Business, Innovation, Observations

Has the internet destroyed brand loyalty?

Recently, I was fortunate to have the opportunity to learn a little about  brand loyalty for my job. The results are depressing. Most articles that consider Brand Loyalty forecast its its death. Consumers are increasingly willing to consider a new product or brand, in favor of sticking with a tried-or-true solution. Prior to the internet age, when information was relatively hard to come by, daily items cost more of our income, and brands had regional footprints, brand loyalty made sense. The risks associated with a product change were relatively high.

The internet brought extreme price competition, product availability, and increased information, to the average buyer. A purchaser in Wisconsin can now compare 250 retailers for glass cleaner based on price, average review, or active ingredient without leaving her house. It is now riskier for her to blindly purchase the brand her father used, especially if it is the more expensive option, than to purchase a well-reviewed, cheaper option. Consumers rejoice, brands despair.

Obviously then the answer to the title question is yes, right? Don’t forget Betteridge’s law. I find it more likely that loyalty has shifted to a new entity, rather than decreasing in an absolute fashion. Building on Ben Thompson’s work on Aggregation Theory, I posit that brand loyalty shifted from individual producers to retail aggregators. Aggregation theory focuses on how consumer technology companies that aggregate modularized suppliers — which they often don’t pay for — to consumers/users with whom they have an exclusive relationship at scale changed the profit landscape of retail competition globally.

One lesser explored impact, of a world where aggregators reign supreme, is how consumer trust and loyalty changes with the market shift toward aggregators. In an aggregator-driven market, consumer trust and experience shifts from the product to the marketplace entire. Brand loyalty may shift from the product to the aggregator as well. Consumers frequently choose to buy a more expensive option on Amazon over a cheaper price on eBay due to the differentiated perceived consumer and brand experience. Consumers are loyal to Amazon over eBay, even when the reviews on eBay are more honest and recent improvements in the return policy, and shipping practices bring the purchase process into line with Amazon.
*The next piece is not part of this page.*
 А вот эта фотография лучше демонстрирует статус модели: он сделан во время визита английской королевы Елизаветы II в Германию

I google items using Chrome, I don’t Bing items using Edge; as a consequence Google recommends many of the items I buy. I am loyal to Google, even when its competitors offer better browsers and may recommend better items for purchase. Thompson argues that this loyalty and the market dominance it brings may cement the current tech giants as the preeminent companies of this century.

How does this impact traditional retailers? Brick-and-mortar retail brands that understand the aggregator economy and cultivate a strong brand image, independent of a particular product, are set to succeed in this new economy. After facing revenue loss in 2016, Target outlined a new retail strategy focused on reimagining their stores and building better employee and brand experiences. That strategy is working. The company is thriving in a market destroyed by digital competition.
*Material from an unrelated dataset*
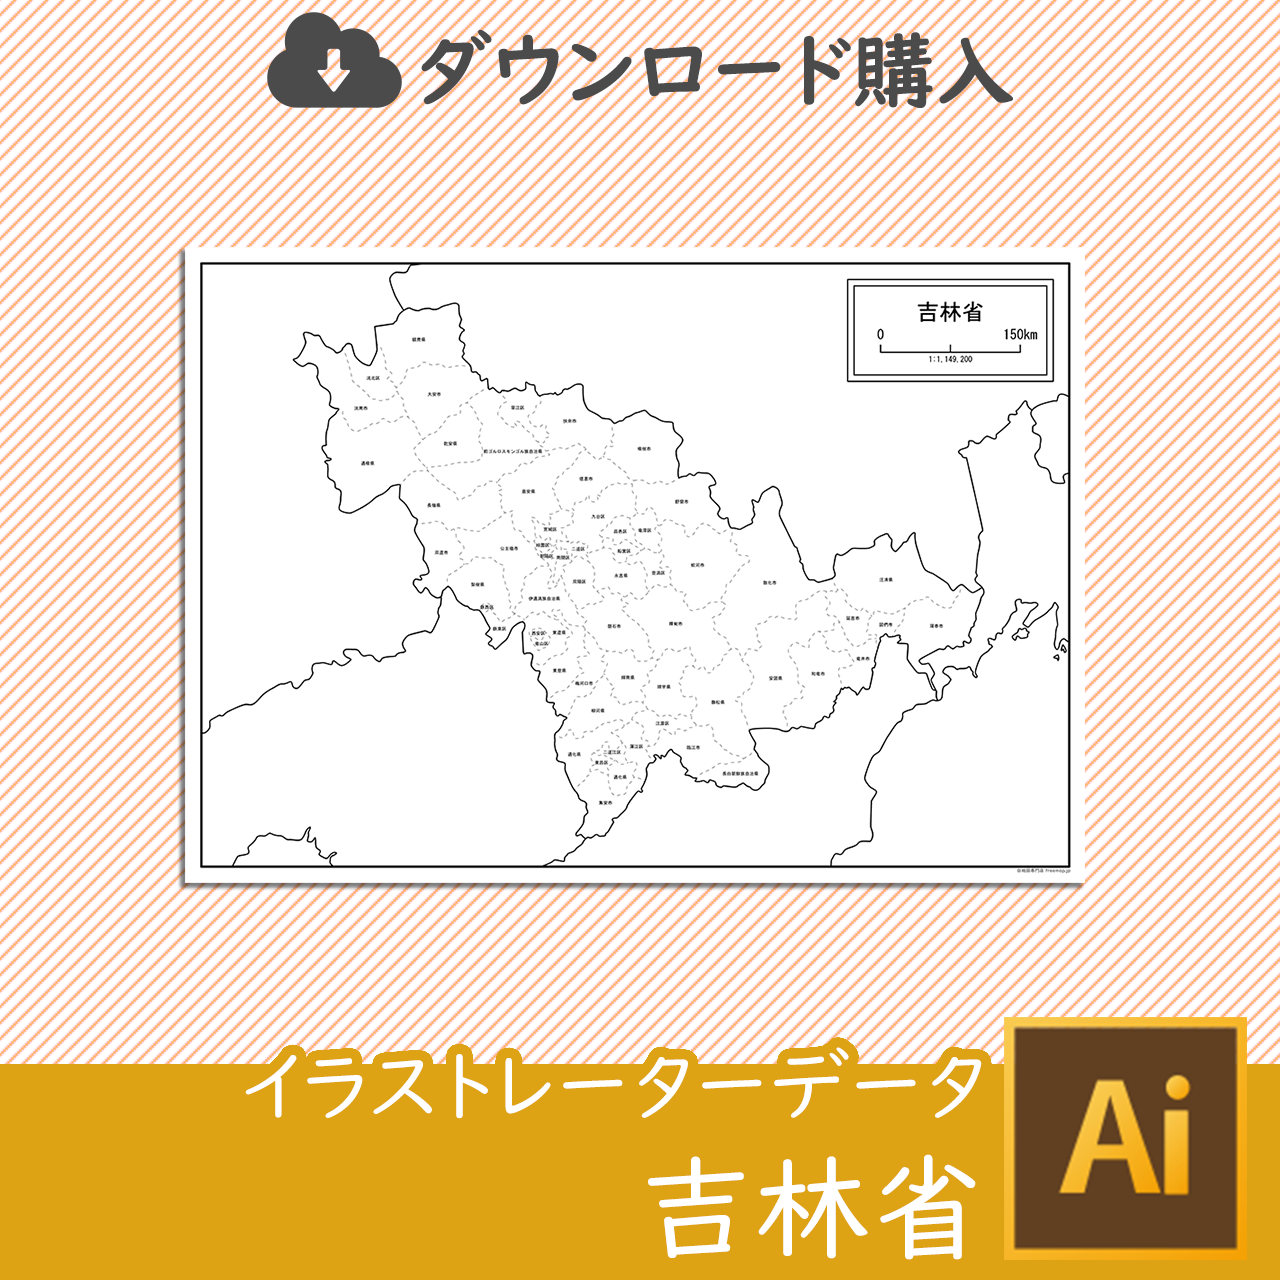 吉林省の白地図データのサムネイル画像

The portfolio of Urban Outfitters is another successful example of building a brick-and mortar-store that leverages aggregator strategy. The stores within Urban Outfitters umbrella (Urban, Anthropologie, Free People, etc.) each cultivate a list of in-house “brands” making each store resemble a retailer of highly curated clothing from different suppliers. The strategy seems to have insulated Urban Outfitters from online competition; Urban has a strong digital presence and differentiated in-store experience. If Urban appeared to only supply a single house brand, its revenue curve may more closely resemble Gap’s, a primary competitor. The key differentiator of Urban Outfitters, is the strength of store brand perception; consumers are not loyal to any of the individual “brands” that each Urban Outfitters store has.
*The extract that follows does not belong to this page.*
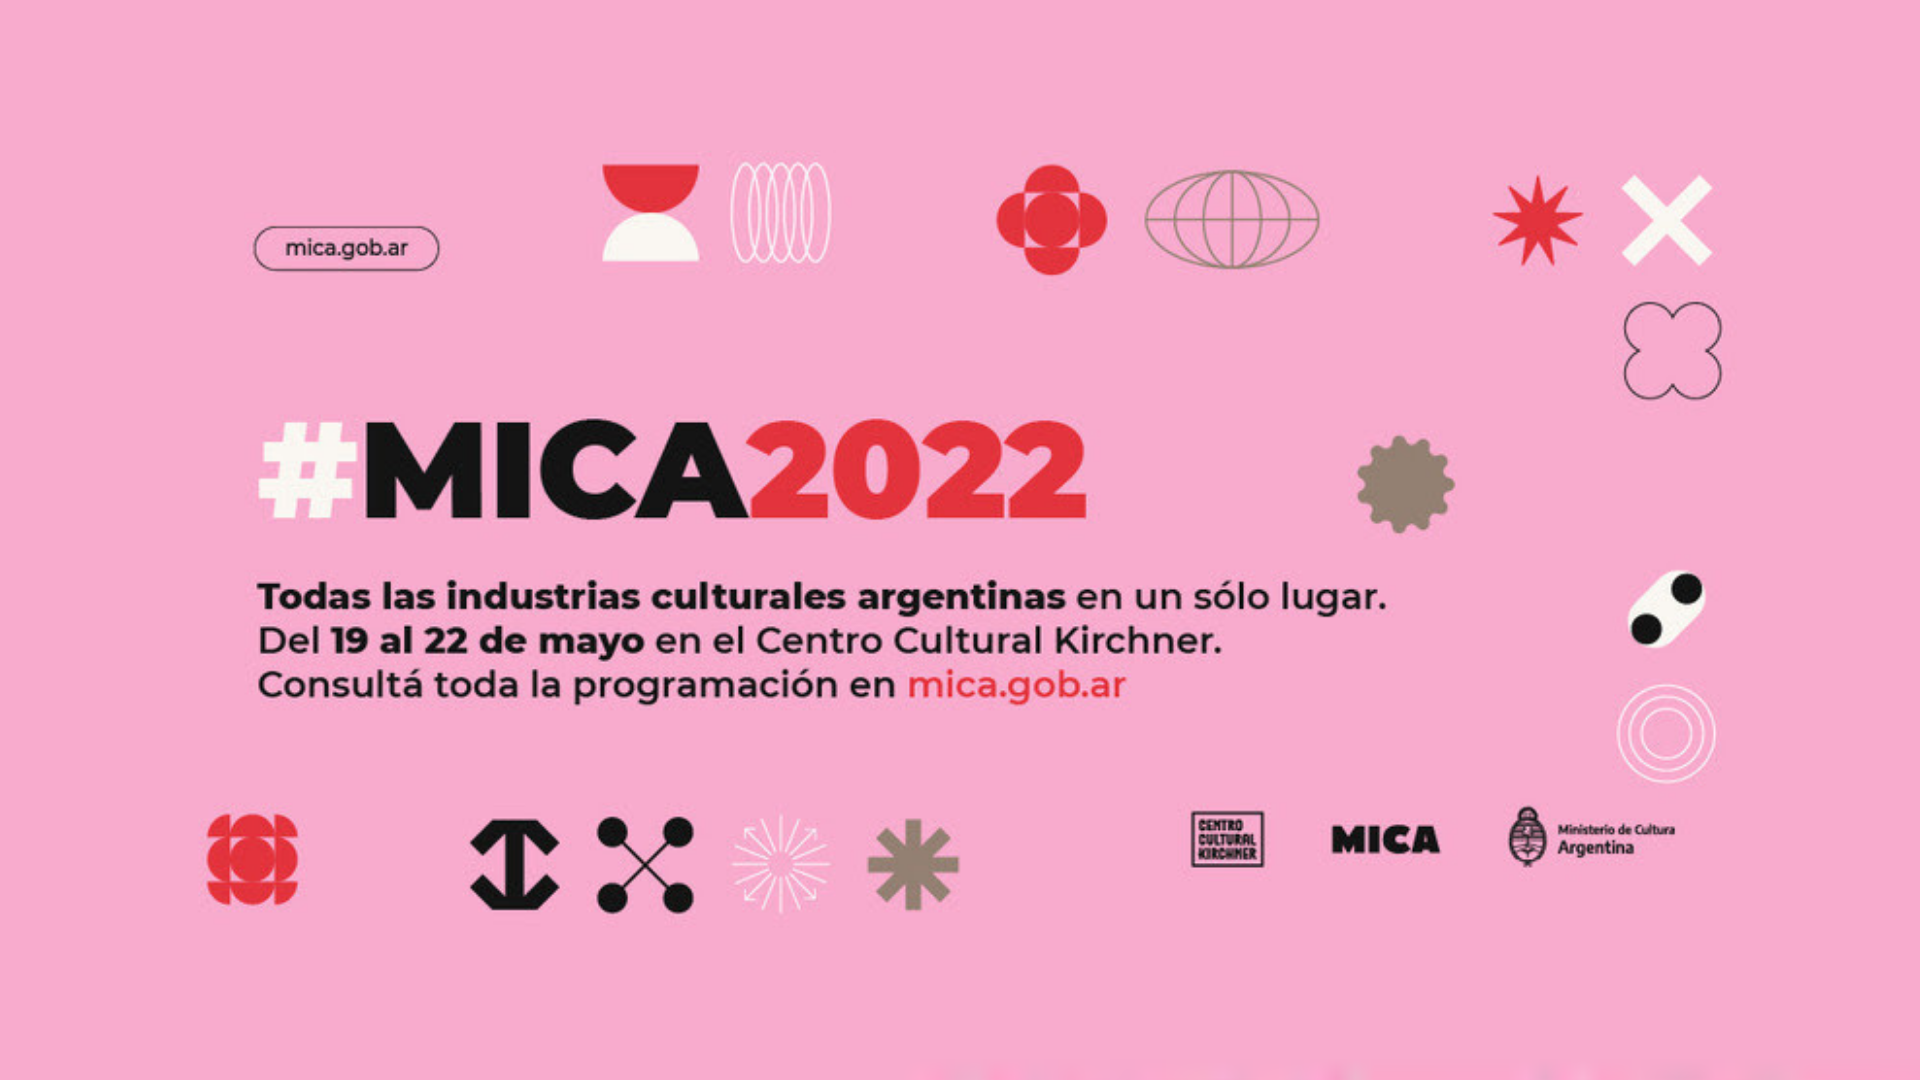 MICA 2022

Traditional retail brick-and-mortar shops were left behind by more than just a shift to cheaper options, and the convenience of online shopping. They missed the boat on building a perception of a differentiated brand, opposed to a brand housing differentiated products (à la Nordstrom). To succeed in a highly competitive industry within the aggregator economy is to build a perception that your store, online or brick-and-mortar, will compile the best options and provide an experience with consumer choice.

In future research, I plan to identify how companies within traditional industries maintain brand loyalty in the internet age. These strategies center around extreme urgency to buy, creating an ecosystem, and creating barriers to switch through incentives.